Пока Хабиба и Бекан разговаривали, Апчара выскочила из дома с маленьким узелочком в руках.
— Куда? — встрепенулась мать. — Да ты, старый, и в самом деле ее умыкаешь?
— Разве я ее умыкаю? Она сама едет…
— Это куда еще? — Хабиба схватила дочь за руку. — Ни шагу не сделаешь из дому.
Дело осложнялось. Бекан знал характер Хабибы. А тут времени в обрез. Табун ждет. Немцы в двадцати километрах.
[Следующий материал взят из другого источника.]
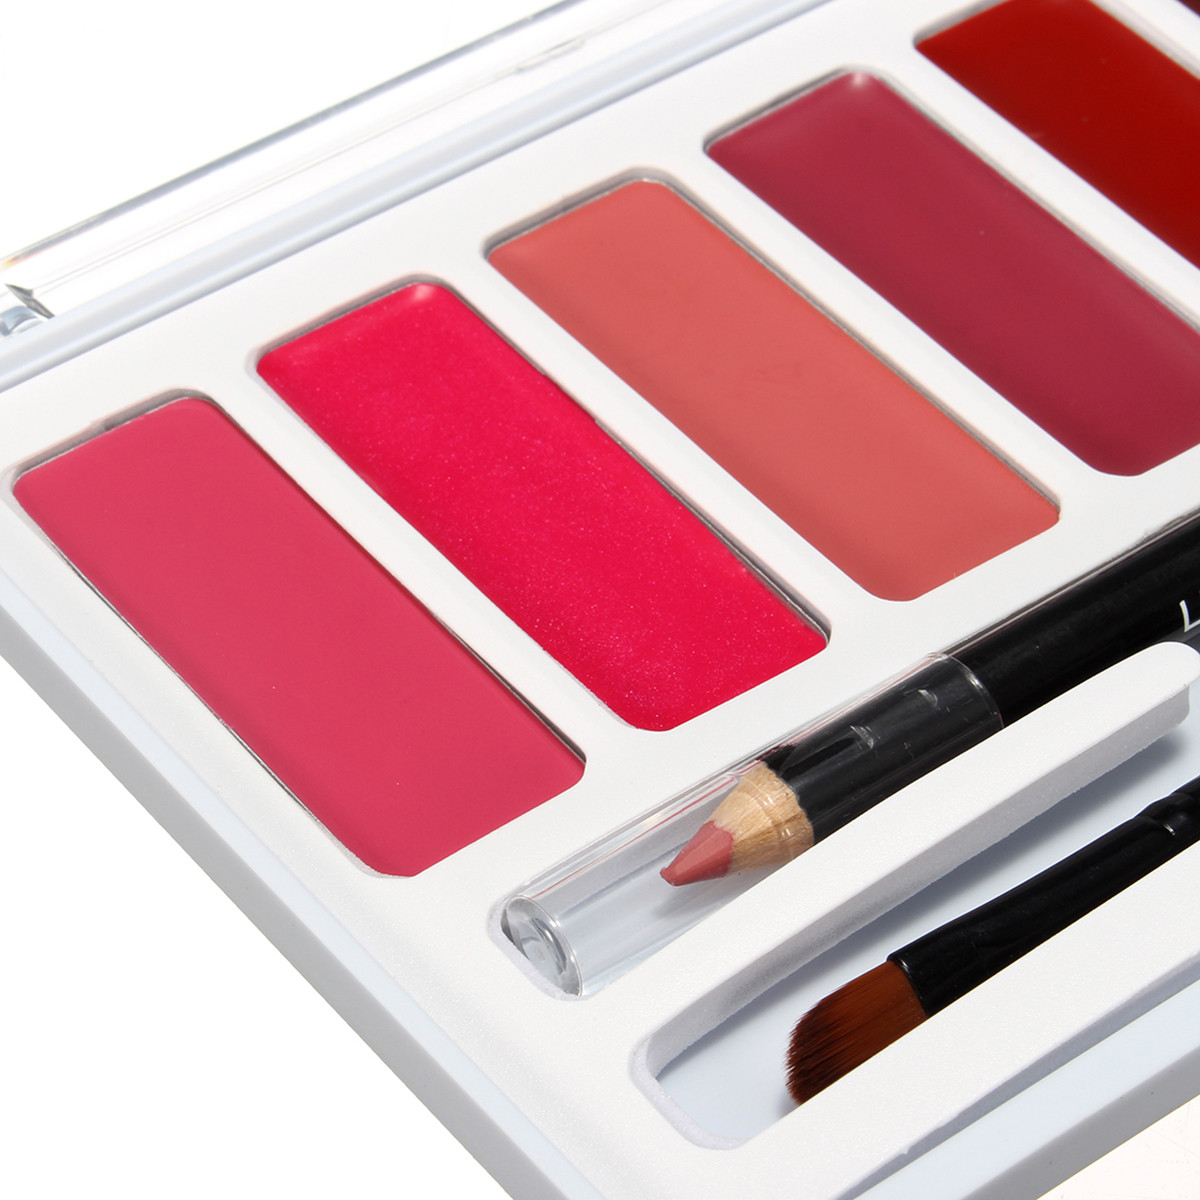 Makeup Palette 12 Colors Concealer Face Contour Cream 6 Colors Lipstick Lip Gloss Cosmetics Tool   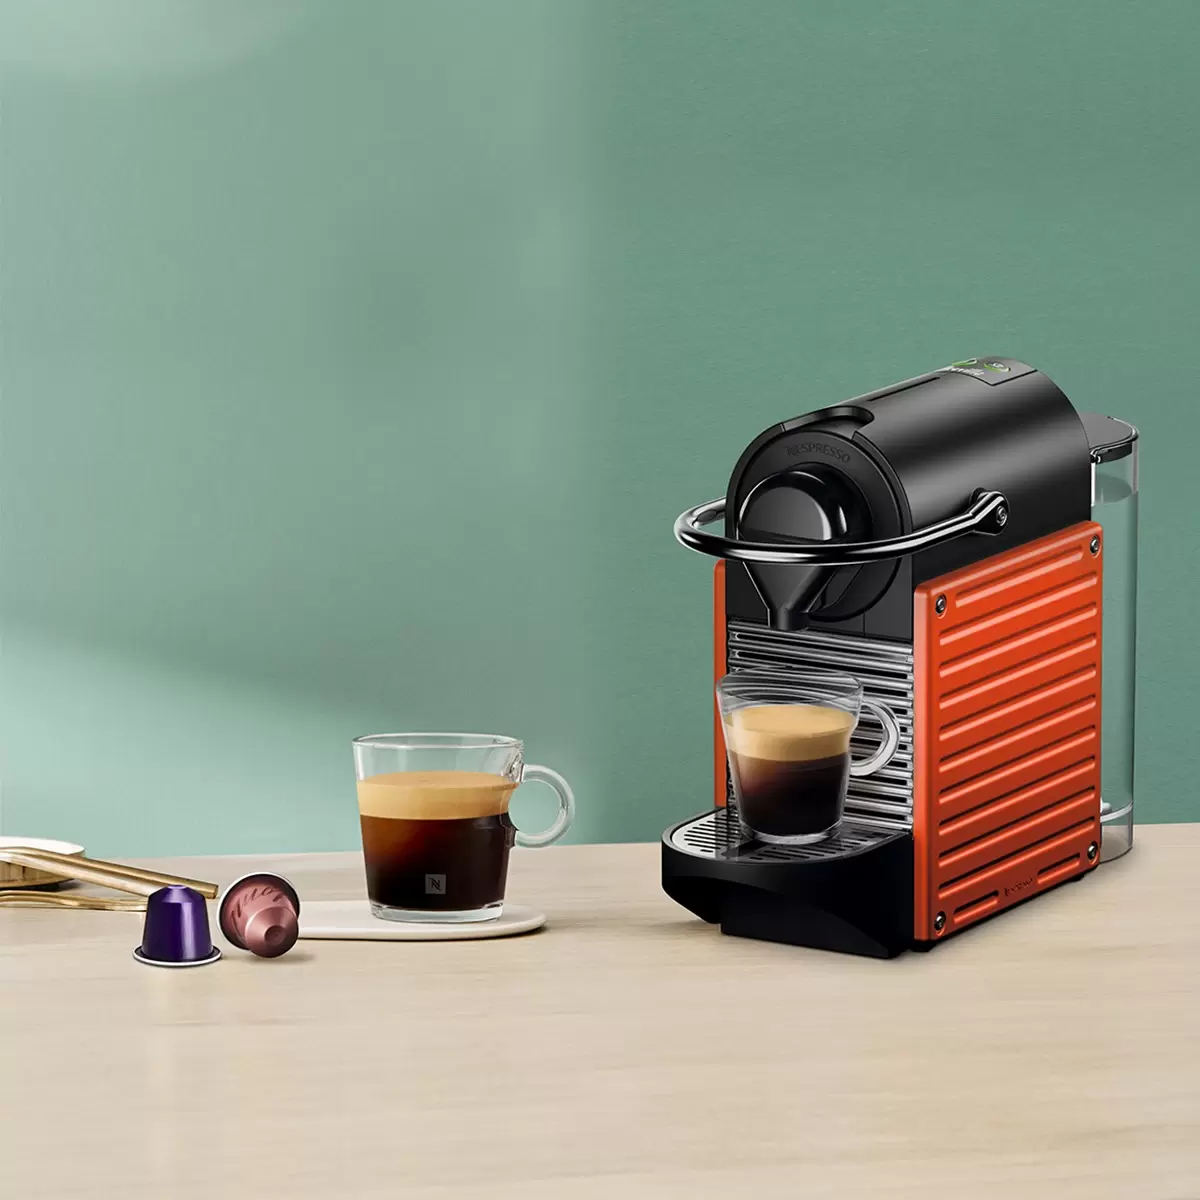 Nespresso Pixie 義式膠囊咖啡機 紅色 含40顆咖啡膠囊

— Не шуми, сестра. Свидетели нам не нужны. — Бекан хотел поближе подойти, но лошади, не привыкшие к женщинам, упирались. — Послушай меня. Я тебе все расскажу. Ты — мать, ты ей не желаешь зла. Я тоже. Сама знаешь почему. За жизнь Апчары я в ответе перед памятью Темиркана, как и ты. Дай бог, чтобы она зажигала огонь в моем очаге, и ты, и я этого хотим. Мой дом в развалинах. Не беда. Лишь бы голова цела была — шапка найдется. Построю я дом. Еще лучше и красивей. Построю на радость потомству. На удачу, на счастье мы бережем подкову, прикованную у порога. Сломалась у нас подкова, но воля не сломлена. Мы до своей цели дойдем, увидишь, коснется рука того, к чему стремимся всем сердцем. Отпусти, Хабиба, свою дочь. Разреши взять ее с собой.
— Нашел коногона! Девушка она…
— Нашел. Я не меньше думаю о ней. Пусть поедет со мной. Фронт поломался. Немец воду пьет уже из Баксана. Враг у порога. Разреши взять мне ее к соседям. Головой отвечаю я. Разреши. Мало ли что будет. Девушка видная. Придут немцы… Иначе обернется дело — вернемся. Клянусь, тотчас вернемся. Сдадим лошадей по акту и назад…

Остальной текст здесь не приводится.